Use a humidifier. Dry air draws moisture from any source possible — including your skin. Indoor heating means our homes and workplaces are notoriously dry this time of year, and we’re spending more time in them. Hanging up wet laundry and setting out bowls of water can supply some relief, but you may need a humidifier to get enough moisture.

Experts note that 35 to 50 per cent humidity is ideal. A humidity gauge from the hardware store can help you keep track.

Exercise. It’s easy to give in to that sluggish feeling, but now is the time to fight it. We know exercise mitigates the effects of other ailments — like stress and fatigue — but your skin also benefits from a good workout. Good circulation means more oxygen and vitamins are supplied to the skin, helping it look refreshed and younger.

Eat right. Your skin is more than just an outer shell: it’s part of a complex system and it needs good nutrition too. The good news: the foods that are good for the heart and waistline are good for the skin too — like vitamin-packed fruits and vegetables, anti-oxidants, vitamin D and essential fatty acids. (Check out 6 keys to healthy eating for details.)

What you eat can affect your lips too. Constant exposure to acidic foods and liquids can have a damaging effect and can cause pain to all of those little cracks and sores.

Provide some pampering. Sometimes our skin needs a little extra help. A good soak, a gentle exfoliating scrub and nourishing treatments can help provide relief. Spa treatments make great gifts for special occasions like Valentine’s Day, Mother’s Day or birthdays, but you don’t have to go to the expense (or even leave your home) for some pampering. Many ingredients like oats, honey and yoghurt can be used to cleanse and moisturize skin. (See Do it yourself spa and European beauty secrets for ideas and recipes.)

Manage stress. There’s no way around it — stress negatively impacts your health and your skin is no exception. Stress can rob the skin of water, making it difficult for it to repair itself and heal. Studies have also shown that stress triggers the release of certain chemicals like cortisol that can worsen skin conditions like atopic dermatitis and acne thanks to increased oil production. Cortisol can also break down collagen — which your skin needs for elasticity.

We may not always be able to avoid stress in our lives, but exercising more, employing relaxation techniques and keeping our relationships healthy can make sure it doesn’t get the better of us.

Adapt your make-up routine. Not all products are designed for year-round use — like that powder foundation you loved during the summer that isn’t doing your dry winter skin any favours. As the condition of your skin changes, it may be time to re-examine the products in your make-up bag. Visit the beauty counter and ask for advice. Switching from powder-based to liquid-based products may help improve your skin’s appearance.

Keep an eye out for changes. Our skin isn’t the same in winter, but that doesn’t mean all changes are “normal”. Rashes, blisters, dark spots, wounds that don’t heal and changes to moles should warrant a trip to the doctor.

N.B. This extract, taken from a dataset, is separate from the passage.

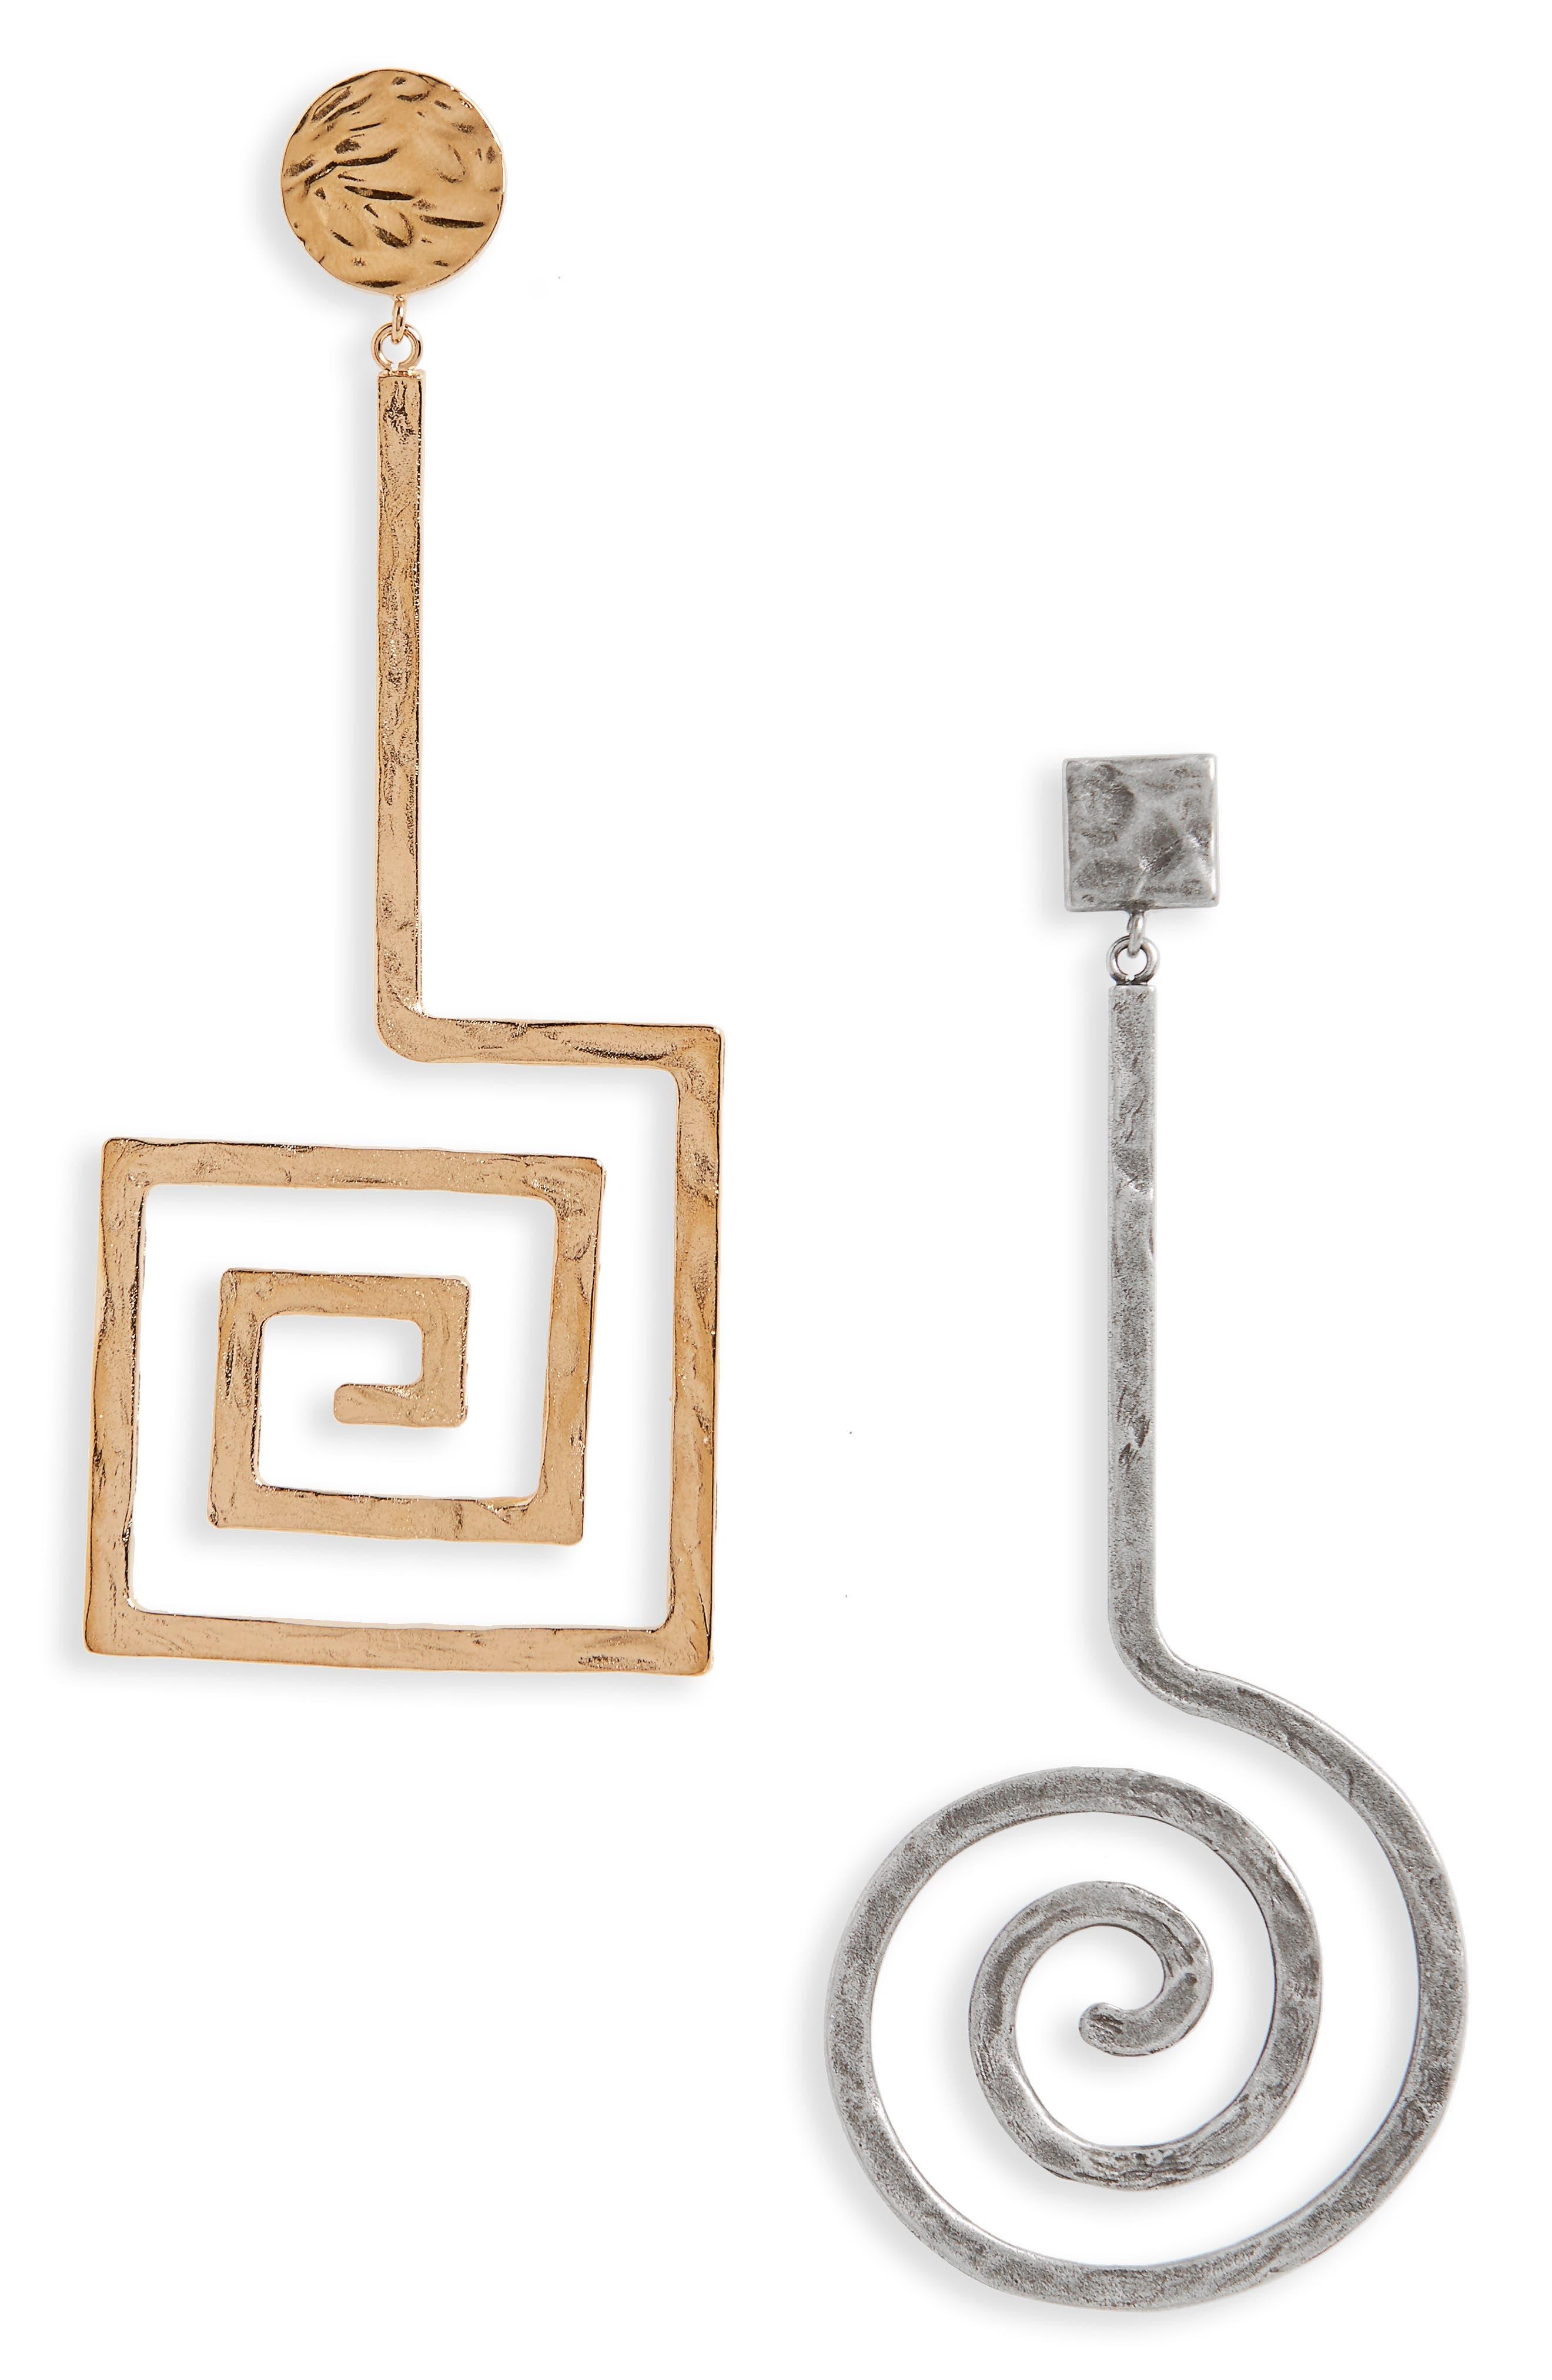 La Spirale Mismatched Statement Earrings,                             Main thumbnail 1, color,                             Gold/ Silver

Excessively dry skin that isn’t relieved by moisturizers and rough, scaly patches can signal conditions like hypothyroidism. Winter can also make certain skin conditions worse, so a change of treatment may be needed.

Same goes for the scalp — a little dandruff is to be expected, but unexplained hair loss or changes to the scalp should be looked at.

Overall, it doesn’t have to take a lot of time, cash or trial-and-error to keep our skin and lips healthy in the winter. It may take a little work and dedication, but preventing problems before they get worse can make you more comfortable in your own skin this season.